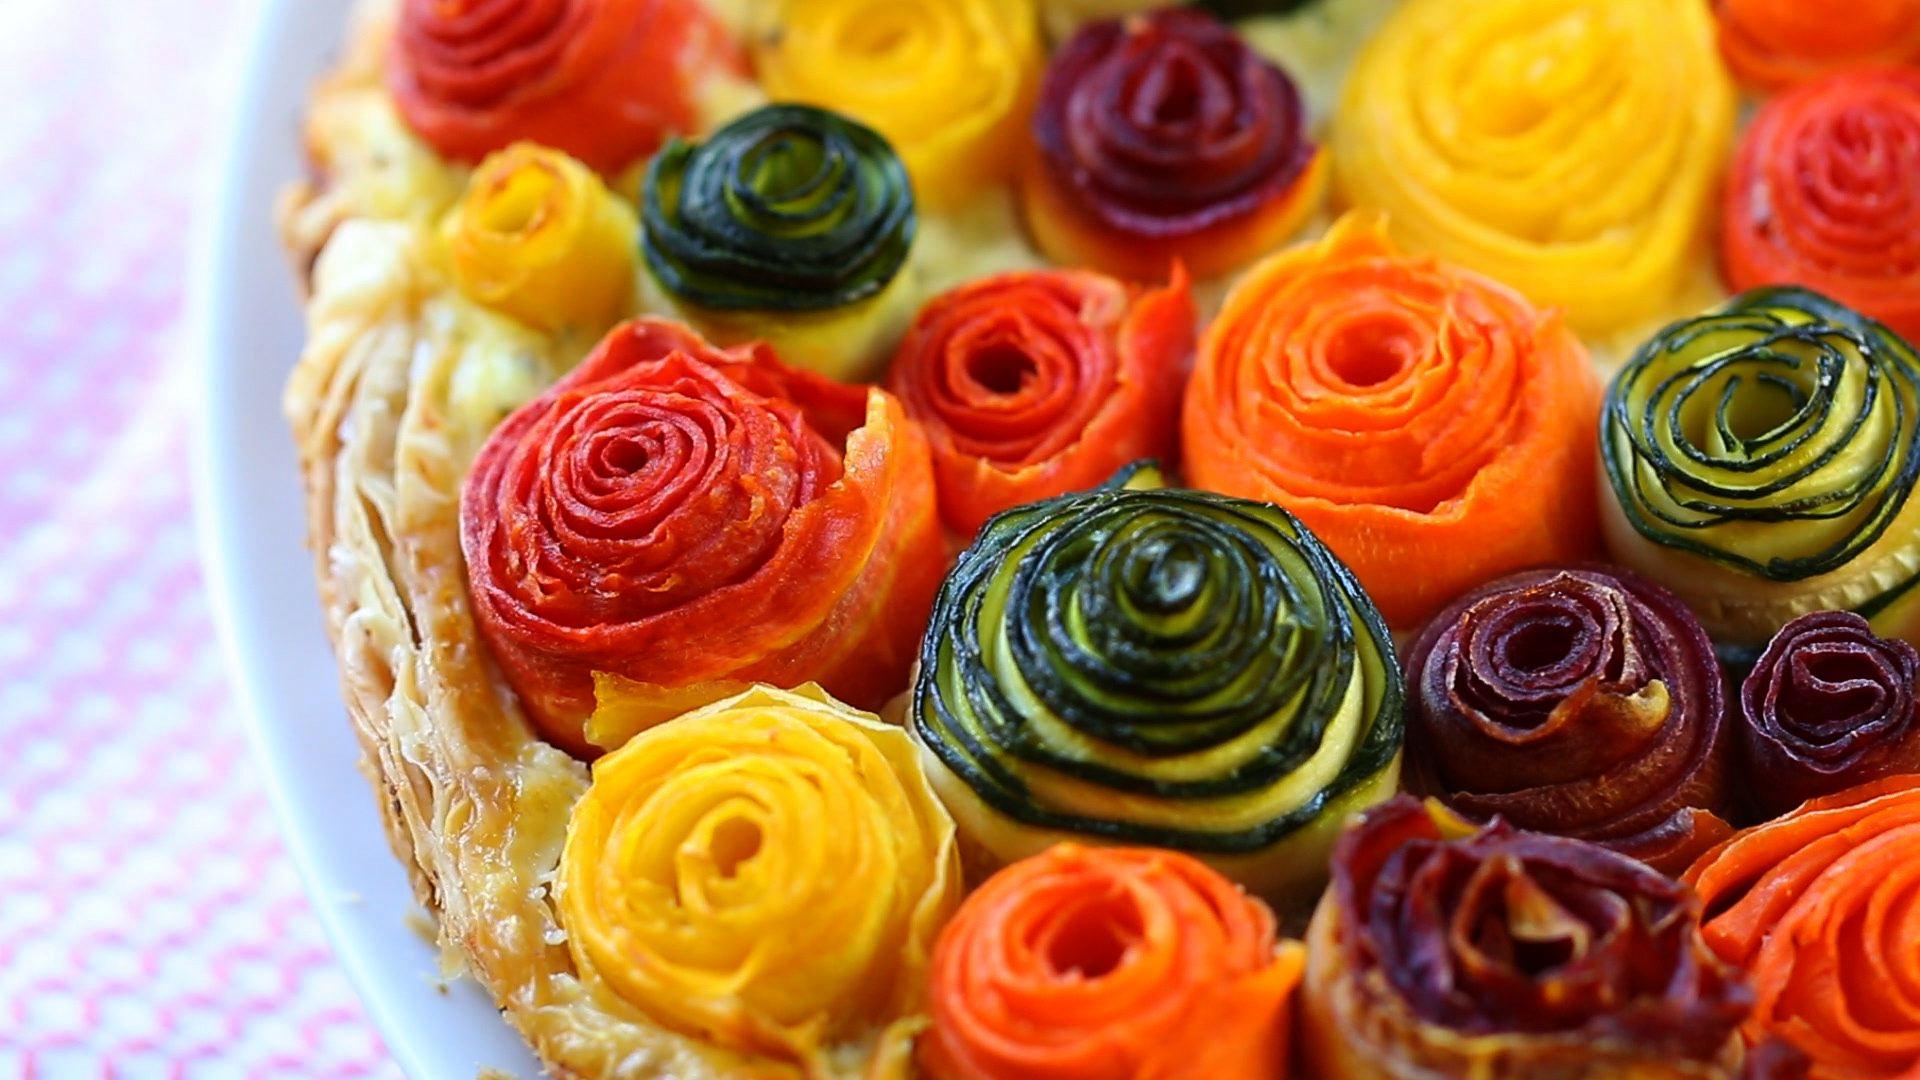 Zucchini and carrots roses tart | Buona Pappa
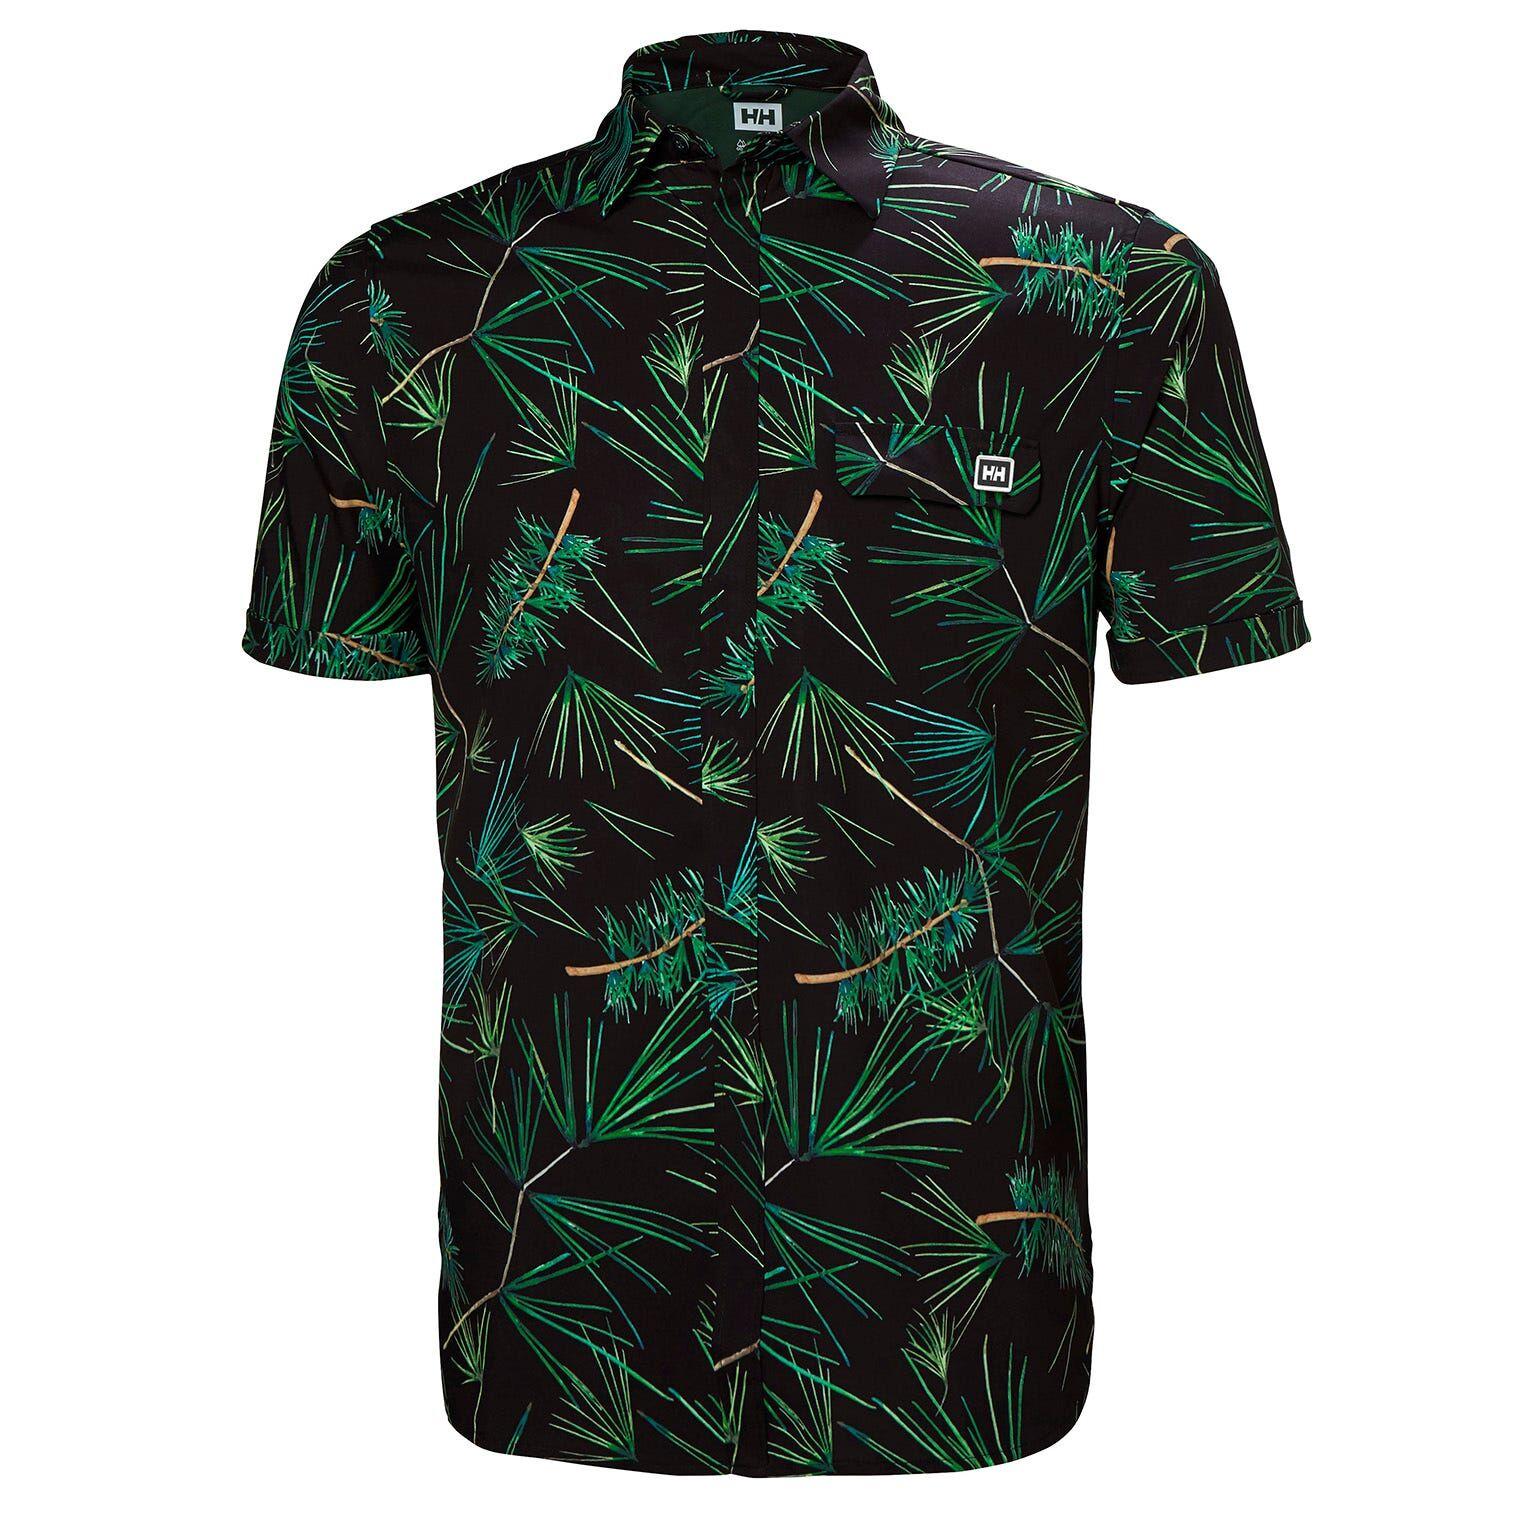 Helly Hansen Oya Shirt Black L
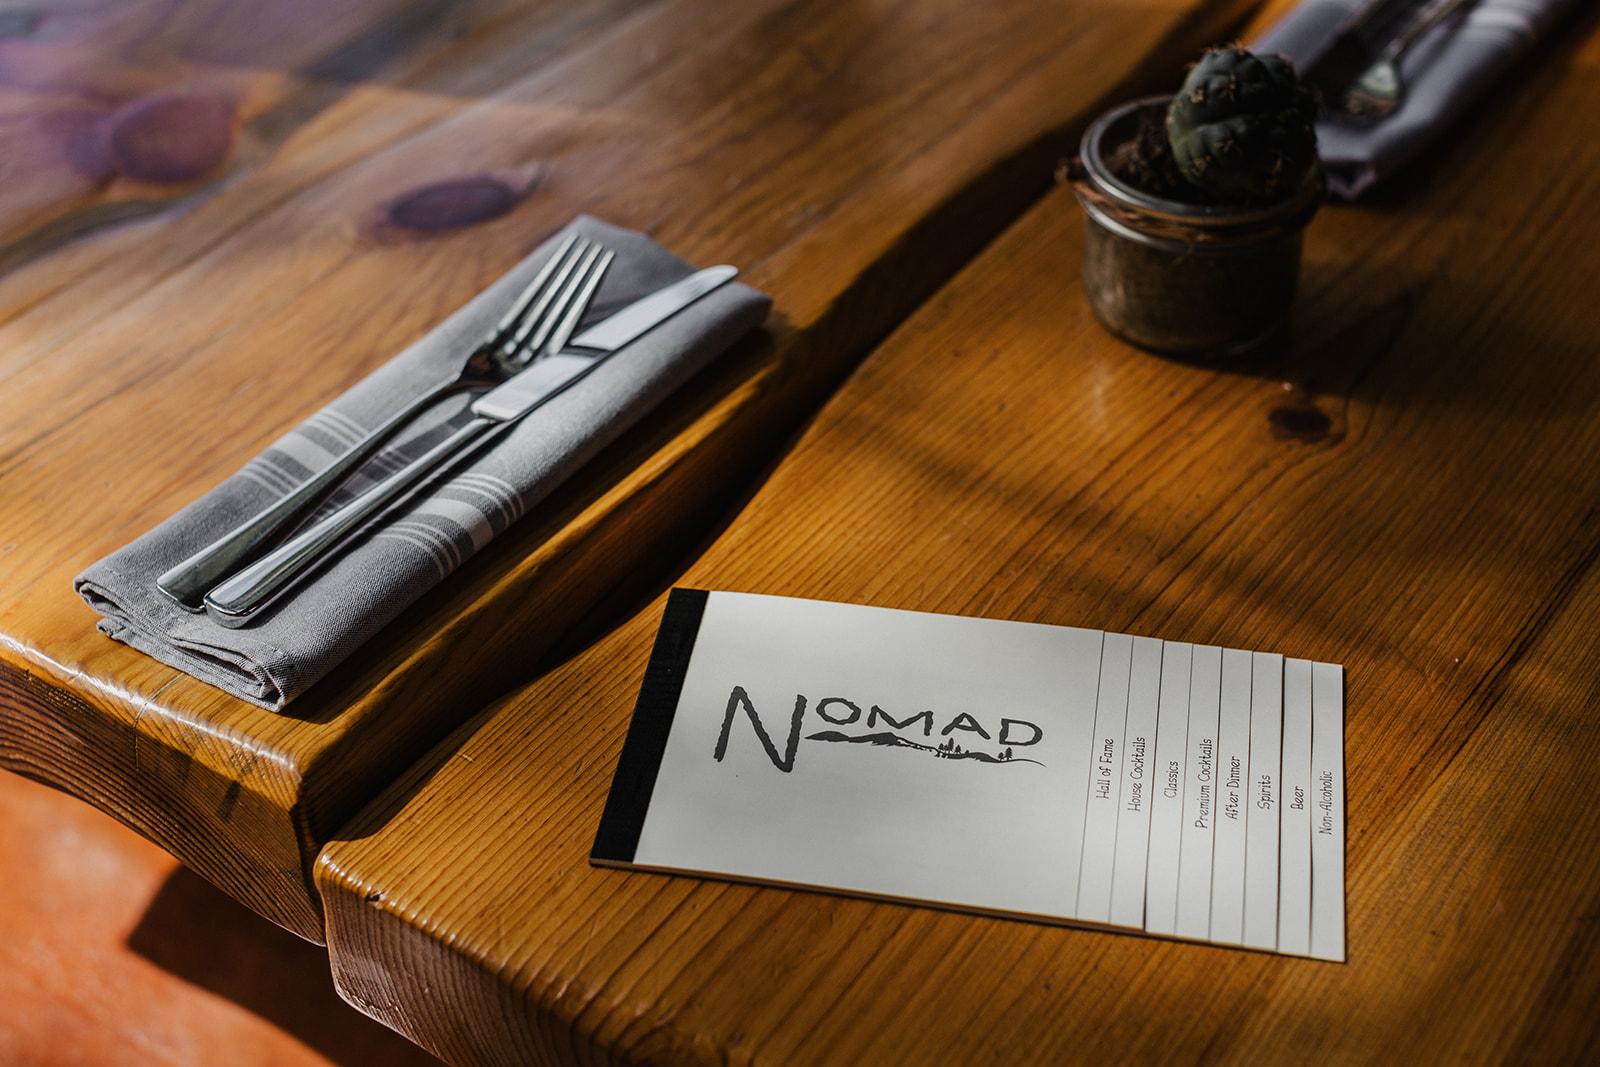 Nomad-2_websize.jpg

====

#### Task description
Everything but the pictures is needed: copy the data above exactly.

#### Response area
 Zucchini and carrots roses tart | Buona Pappa
 Helly Hansen Oya Shirt Black L
 Nomad-2_websize.jpg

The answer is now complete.